Trump gave long-winded answers while being deposed in Attorney General Letitia James' fraud lawsuit.
He went on and on about his "beautiful" and "tremendous" golf courses, a new transcript shows.
"We're going to be here until midnight," one of the New York attorney general's lawyers said.
The first time Donald Trump was deposed by Attorney General Letitia James of New York — who's spent more than two years calling him an inveterate fraudster — the former president pleaded the Fifth Amendment repeatedly.
But in a second deposition held this past April, the AG's office couldn't get him to shut up, including about the "beautiful" marble bathrooms in his "tremendous" properties, a newly released transcript showed.
In a seven-hour grilling that's a prelude to Trump's $250 million civil-fraud trial on October 2, his answers were so long-winded that one of James' lawyers said aloud if he didn't speed it up, everyone in the room would "be here until midnight."
Trump's deposition transcript was released late Wednesday by the attorney general's office, which alleged that the former president, his two eldest sons, and two of his former top executives routinely inflated his net worth in financial filings made on behalf of the Trump Organization, his international real-estate and golf-resort company.
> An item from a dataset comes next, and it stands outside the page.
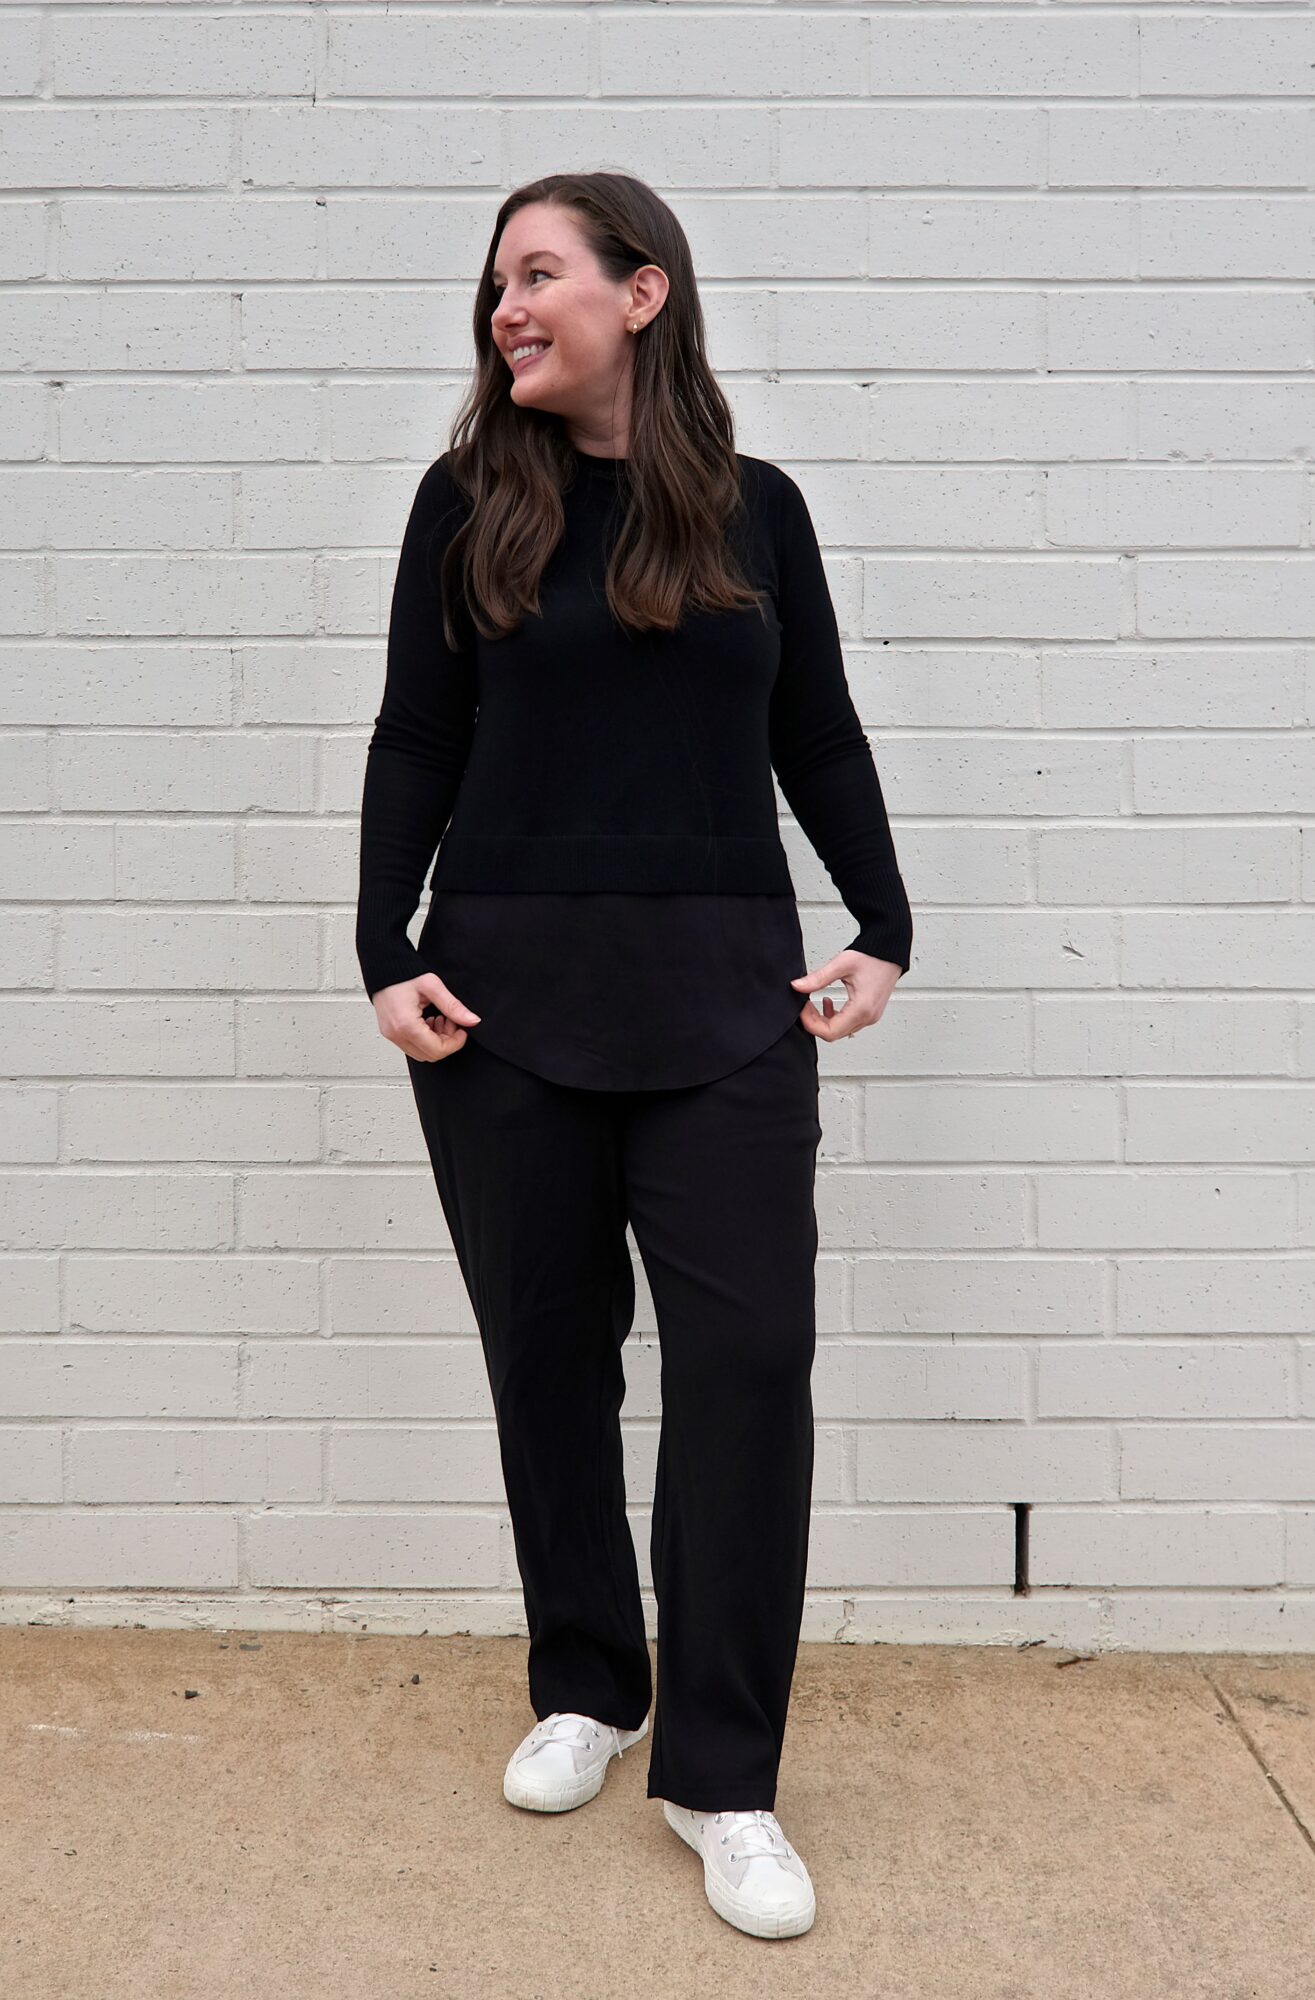 Alyssa wears a black sweater with a mock-shirttail hanging out

The "fraudulent" math helped Trump trick banks into extending lower-cost loans that saved him hundreds of millions of dollars in interest, James alleged.
During the April deposition, lawyers for both sides broke out in bickering.
"We're going to be here until midnight if you keep asking questions that are all over the map," Trump's lawyer Chris Kise said early on to one of James' top lawyers on the fraud case, Kevin Wallace.
"Chris," Wallace responded, "we're going to be here until midnight if your client answers every question with an eight-minute speech."
Trump had just launched into a stem-winder about his "brand" when the tiff broke out.
"If I wanted to build a big statement just for the sake of a statement, I would go out and I would value the brand and — which is much more than the $3 billion," Trump said. "And as I said once before today, I became President of the United States because of my brand."
Wallace attempted to get Trump back on track.
"I just want to go back to a couple of things you said," Wallace said. "The first is, you said, 'I didn't need banks for the most part.'"
"So why did you use banks?" he asked.
"Because you do it. It's better tax-wise," Trump said. "You do it."
Trump told the lawyer he paid off all the loans that he took out from banks to pay for his properties.
"Politics hurt. When I get sued by you — fortunately, I don't need banks," Trump continued. "I mean, paid off all that stuff that you used to talk about. I paid it off."
He went on to claim that "prior to [getting] sued by the Attorney General of the State of New York, banks wanted to do business with me so badly."
Wallace then tried to home in on Trump's business practices before he took office.
"What would your considerations be when you're deciding whether or not I'm going to use a bank or I'm going to borrow money for this project?" Wallace asked.
But Trump's lawyer Kise objected to the question, saying "before he was president covers from the 1950s all the way to 2017."
"Chris, I believe the question was clear until you decided to mess it up," Wallace said.
Kise replied: "No, it wasn't."
"He understood it and was able to answer it," Wallace said. "So, if you want to object, say object. Don't sit — don't try to make the question more complicated."
Wallace eventually accused Kise of straying from New York's rules of civil procedure, and the two lawyers began blaming each other's side for dragging things out, potentially, until midnight.
In other ramblings, Trump launched into a soliloquy about the beauty of the marble bathrooms at his Miami golf resort, Trump National Doral Golf Club.
"In the case of the villas, 800 rooms, they were gutted out down to the steel and rebuilt and they're incredible," he said of his renovation of the property.
"I could have done what I called a paint and wallpaper job. You just paint and wallpaper it. But it was time — it was tired," he said.
"I started using marble instead of carpet," he added, continuing a line of thought that was irrelevant.
"They're all marble bathrooms. I mean, they're beautiful."